Variable z = ncfile.findVariable("z");  // the NetCDF variable for reading values
int[] readOrigin = new int[2]; 
int[] readShape = new int[2];

GvrsElement zElement = gvrs.getElement("z");  // the GVRS element for reading/writing values

for (int iRow = 0; iRow < nRowsInGrid; iRow++) {
	// NetCDF uses the origin and shape arrays
	// to specify a section of the grid to be read.
	readOrigin[0] = iRow;
	readOrigin[1] = 0;
	readShape[0] = 1;
	readShape[1] = nColsInGrid;
	// Read one row of data from the NetCDF file.
	// The data will be stored in a NetCDF "Array" object.
	// Then loop on each column, obtain the elevation/bathymetry data
	// and store it in GVRS.   ETOPO1 stores data as integers.
	Array array = z.read(readOrigin, readShape);.
	for (int iCol = 0; iCol < nColsInGrid; iCol++) {
		int sample = array.getInt(iCol);
		zElement.writeValue(iRow, iCol, sample);
	}
}
gvrs.flush();
gvrs.close();

The Tile Cache

The snippet above would work just fine, except that it might be a little slower than we would prefer. The reason for this is that each row stored to the data file requires swapping tiles in and out of memory. Because there are 21600 columns in the master grid and 120 columns in each tile, there are 21600/120 = 180 tiles in each row of the tiling scheme. So in order to keep an entire row of the master-grid data in memory, the GVRS API needs to keep 180 tiles in its cache. But, by default, the GVRS cache size is only 16 tiles in size. And 16 tiles is not wide enough to hold an entire row of data. Because the storage process scans one-row-at-a-time, the cache has to drop and load tiles 180 times per row. This approach leads to a lot of redundant reading and writing of tiles.

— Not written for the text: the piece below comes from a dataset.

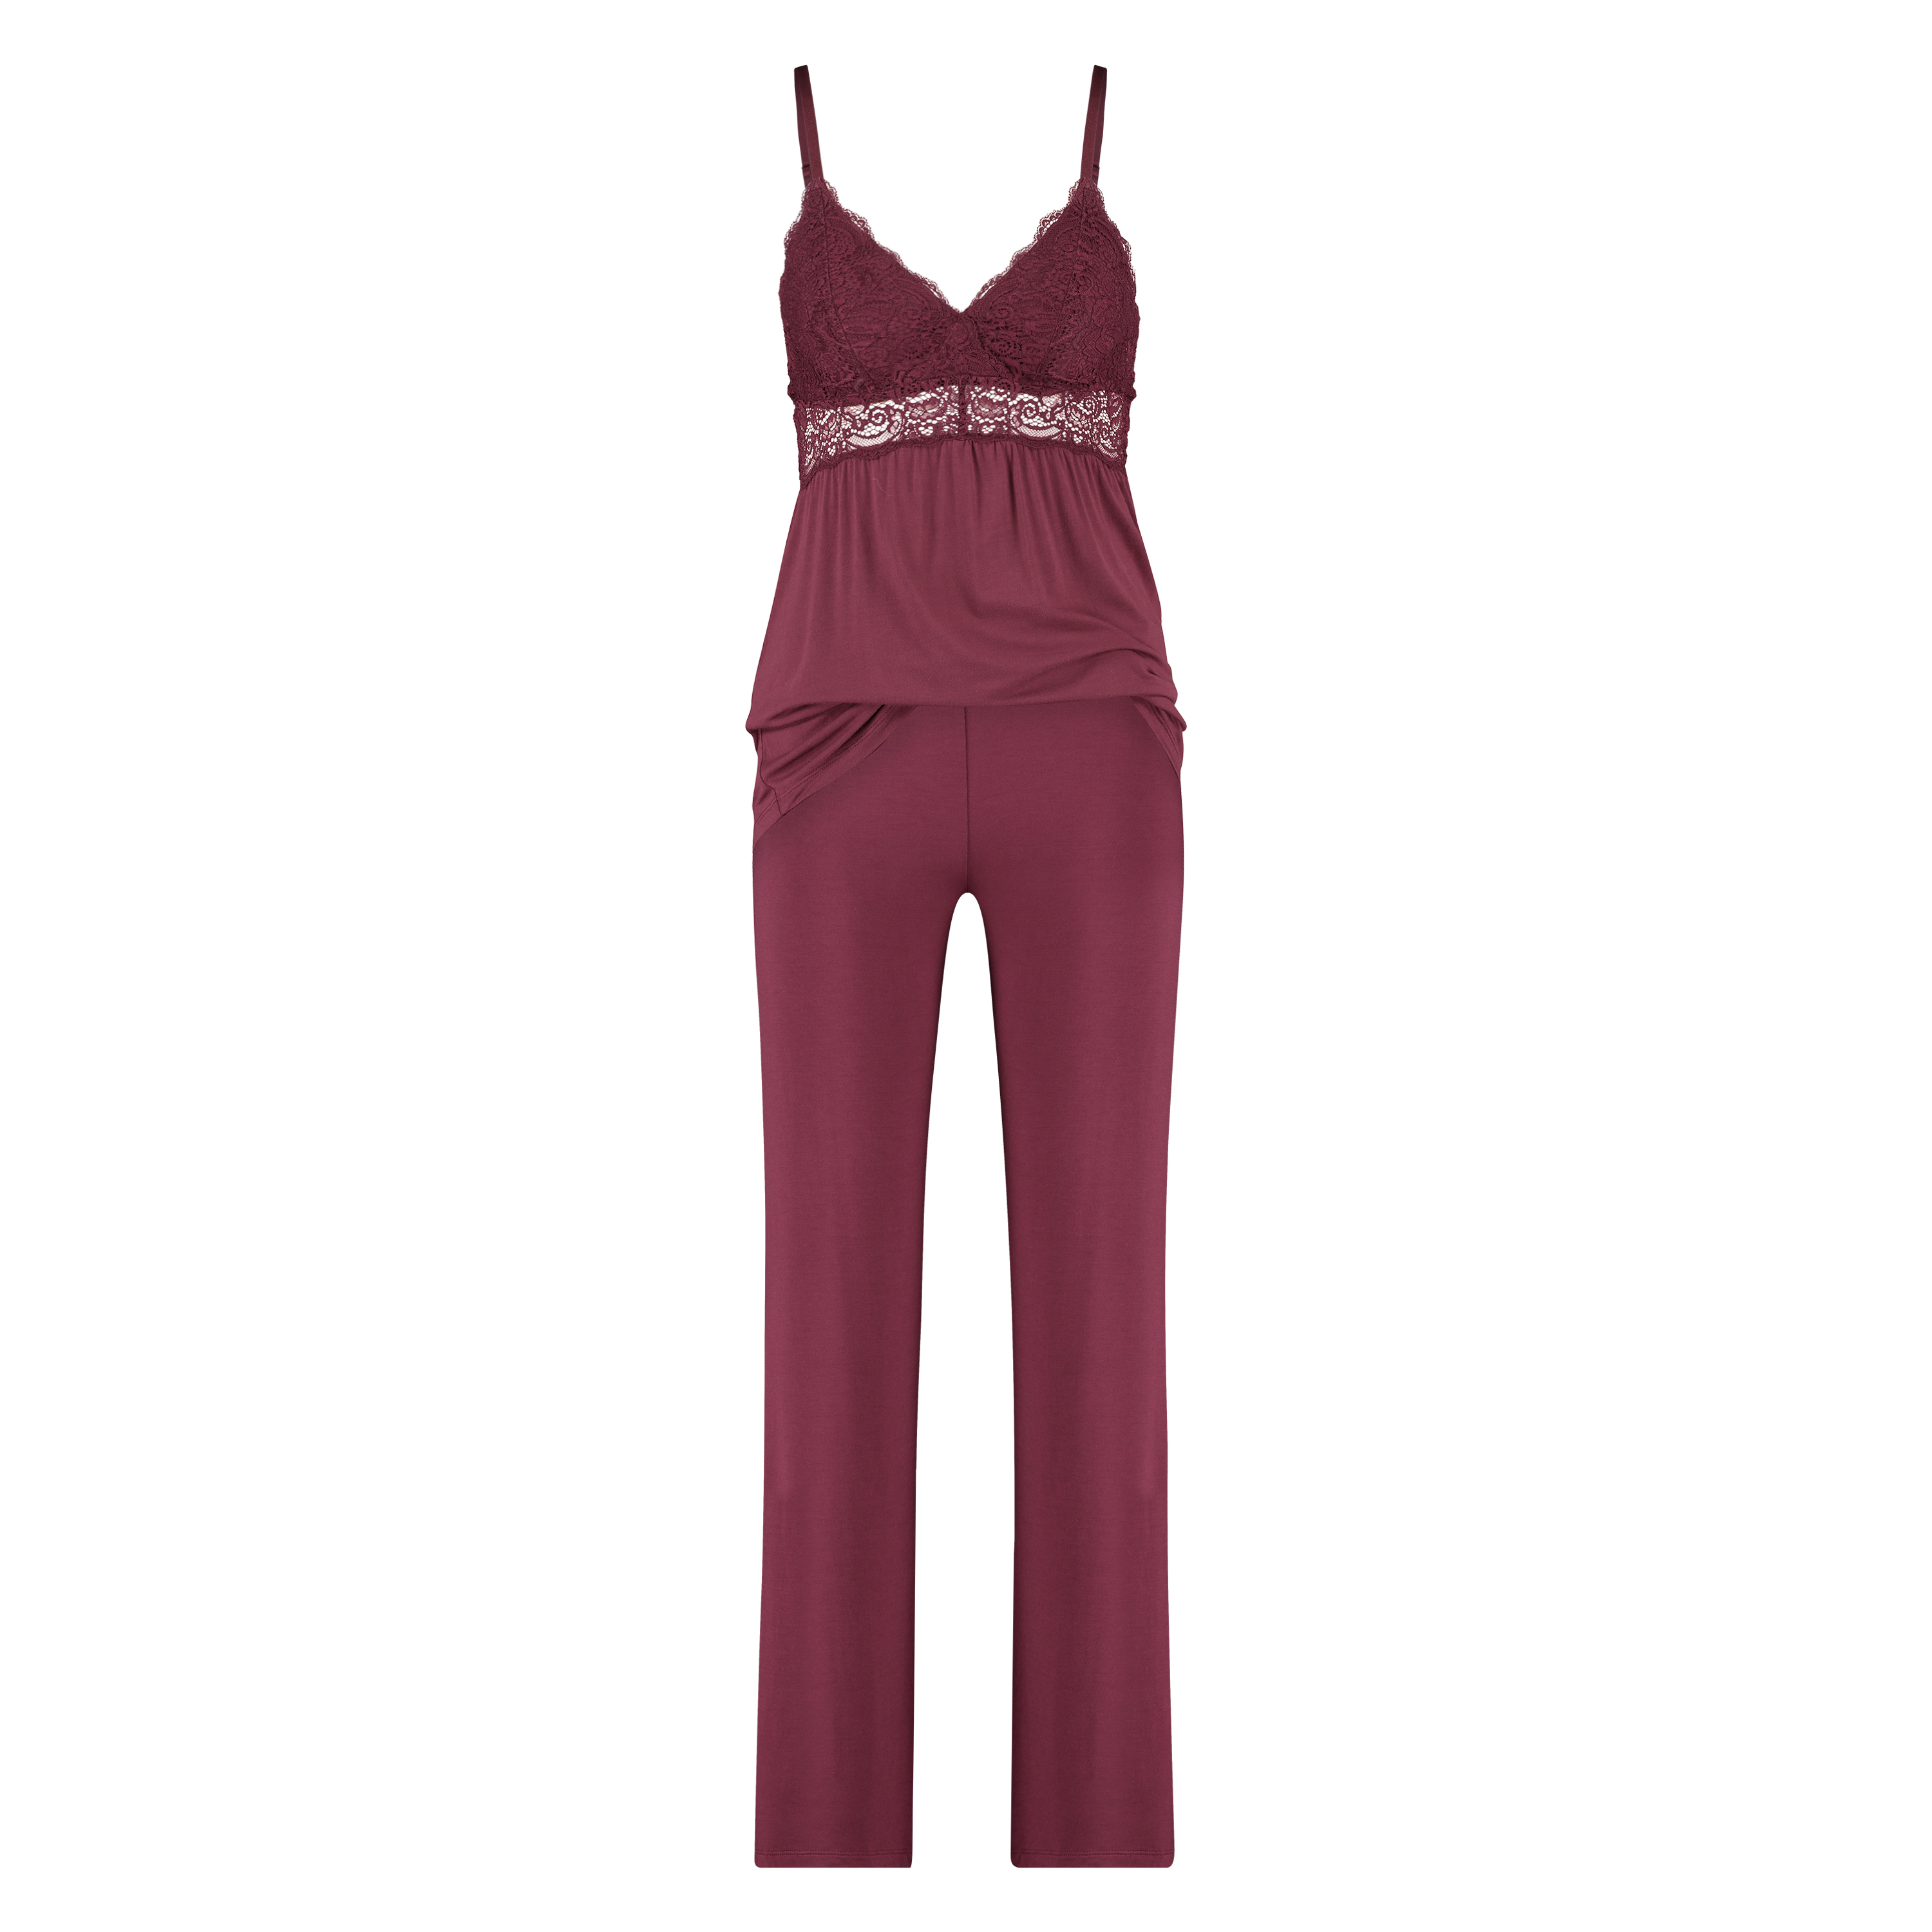 Vera Lace Pyjama Set, Red, main

Fortunately, the tile cache size can be adjusted by using the following adjustment before storing the data.

gvrs.setTileCacheSize(GvrsCacheSize.Large);

The adjustment is applied after the GvrsFile is opened, but before the application starts to access data. The "Large" cache size adjustment tells GVRS to adjust the size of the cache so that it is large enough to store an entire row (or entire column) of tiles. Tiles use 4 bytes per each value stored in memory. Because this example code specifies a tile size of 90-by-120 grid values, an entire row of 180 tiles would require 180x90x120x4 = 7776000 bytes (about 7.4 megabytes). This setting is not onerous, and it will dramatically improve the speed of writing a file.

How much difference does the larger cache make? With the default "Medium" cache size, the storage process required 237.2 seconds. With the "Large" size setting, it required 9.2 seconds.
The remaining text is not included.